We need to vectorized map functions at these levels, some might not be possible (variable size, ans)
- model (1 for now)
- epoch (39)
- timestep (11)
- testset x cond (taraban, glushko, hs04 img)
- task (9, 5 main, 4 experimental)
- output (2 in triangle, otherwise 1)
- maybe multiple answers 
- metrics (acc, sse, cosine) 

## SEM OUTPUT

In [None]:
def run_test5a(test):
    df_intact = test.eval("train_r1000", "triangle")
    df_os_lesion = test.eval("train_r1000", "exp_ops")
    df_ops_lesion = test.eval("train_r1000", "ort_sem")

    df = pd.concat([df_intact, df_os_lesion, df_ops_lesion])
    mdf = testcase_plots.make_mean_df(df)

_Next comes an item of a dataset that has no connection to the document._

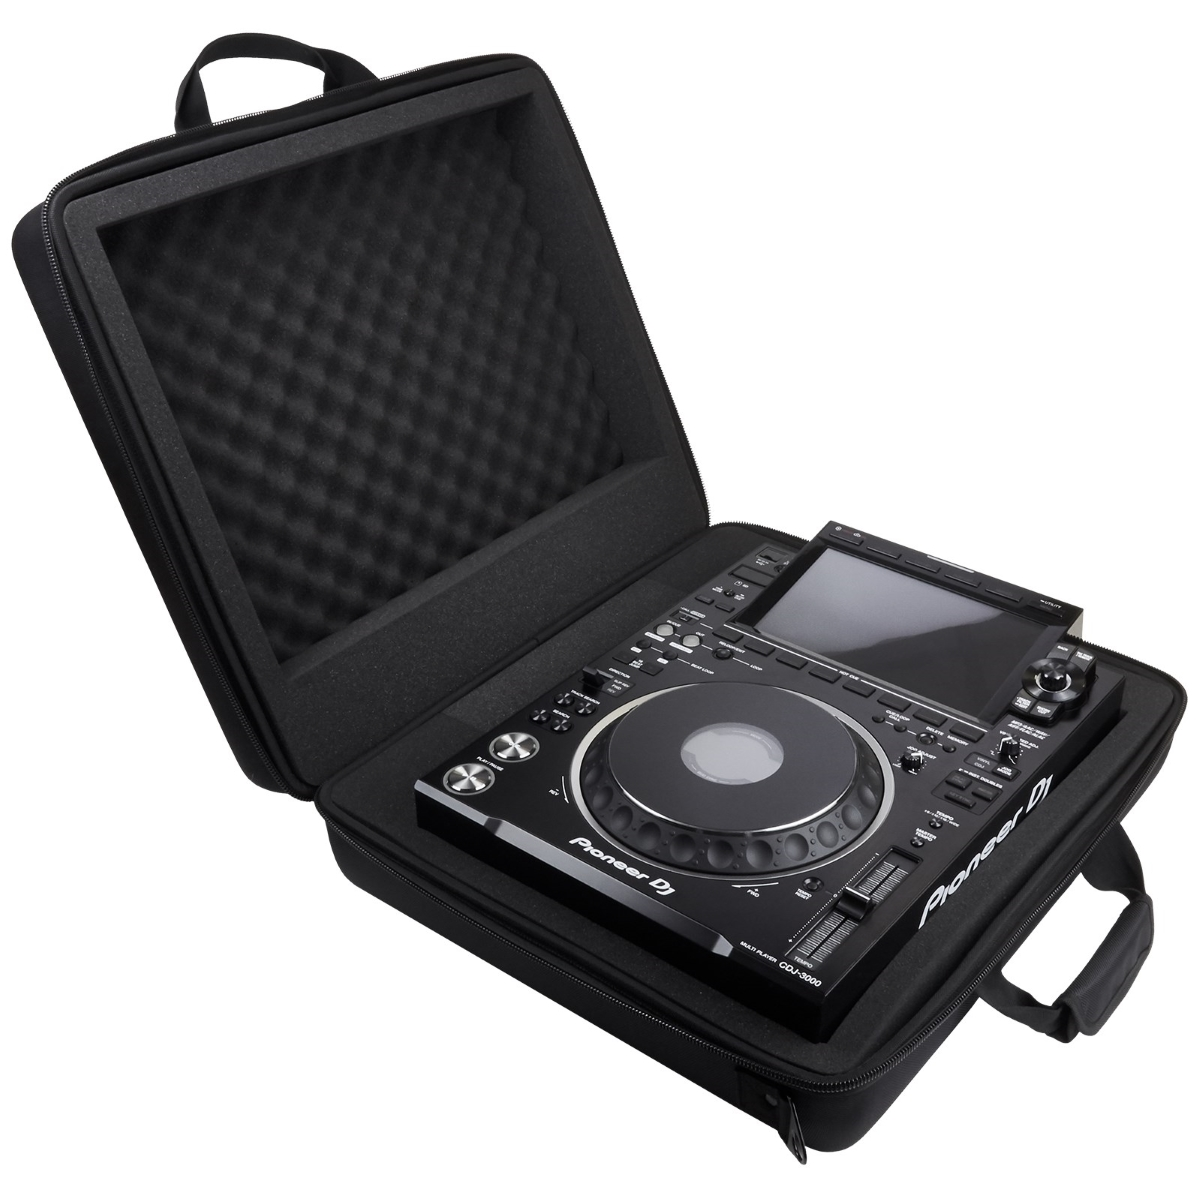 BORSA PIONEER DJC-3000 PER MEDIA PLAYER PIONEER CDJ-3000

    test5a = testcase_plots.plot_hs04_fig14(mdf, output="sem")
    test5a.save(os.path.join(test.cfg.path["plot_folder"], "test5_sem.html"))


run_test5a(test)

In [None]:
def run_test5b(test):
    df_intact = test.eval("train_r1000", "triangle")
    df_op_lesion = test.eval("train_r1000", "exp_osp")
    df_osp_lesion = test.eval("train_r1000", "ort_pho")

    df = pd.concat([df_intact, df_op_lesion, df_osp_lesion])
    mdf = testcase_plots.make_mean_df(df)
    testcase_plots.print_unique(mdf)

    test5b = testcase_plots.plot_hs04_fig14(mdf, output='pho')
    test5b.save(os.path.join(test.cfg.path["plot_folder"], "test5_pho.html"))


run_test5b(test)

In [None]:
testsets = ('pho_pho', 'pho_sem', 'sem_pho', 'sem_sem')
y = map(lambda x: test.eval('train_r1000', x), testsets)
pd.concat(y)

# Model level examine class (After eval)

In [None]:
class examine:
    
    def __init__(self, code_name, tf_root="/home/jupyter/tf"):

        try:
            # Fast load from disk
            csv_file = os.path.join(tf_root, 'models', code_name, 'eval', 'strain_mean_df.csv')
            self.df = pd.read_csv(csv_file)
        except:
            # Eval from scratch
            self.cfg = meta.ModelConfig.from_json(os.path.join(tf_root, 'models', code_name, 'model_config.json'))
            self.data = data_wrangling.MyData()
            self.model = modeling.HS04Model(self.cfg)
            self.model.build()
            self.test_strain = evaluate.EvalOral(self.cfg, self.model, self.data)
            self.df = self.test_strain.strain_mean_df

    def plot_op_strain(self):
        df = self.df

        @interact(
            use_y=['acc','sse','conditional_sse'],
            timetick=(1,12,1),
            y_max=(1, 20, 1)
            )
        def plot(use_y='acc', timetick=12, y_max=1):
            sdf = df.loc[(df.timetick==timetick)] 
            
            # Plot by condition
            plot_by_cond = alt.Chart(sdf).mark_line().encode(
                x=alt.X('epoch:Q', scale=alt.Scale(domain=(0, 100), clamp=True)),
                y=alt.Y(f"{use_y}:Q", scale=alt.Scale(domain=(0, y_max))),
                color='cond:N'
            )

            # Contrasts
            contrasts = {}
            contrasts['contrast_frequency'] = """(datum.HF_INC + datum.HF_CON - (datum.LF_INC + datum.LF_CON))/2""" 
            contrasts['contrast_consistency'] = """(datum.LF_CON + datum.HF_CON - (datum.LF_INC + datum.HF_INC))/2""" 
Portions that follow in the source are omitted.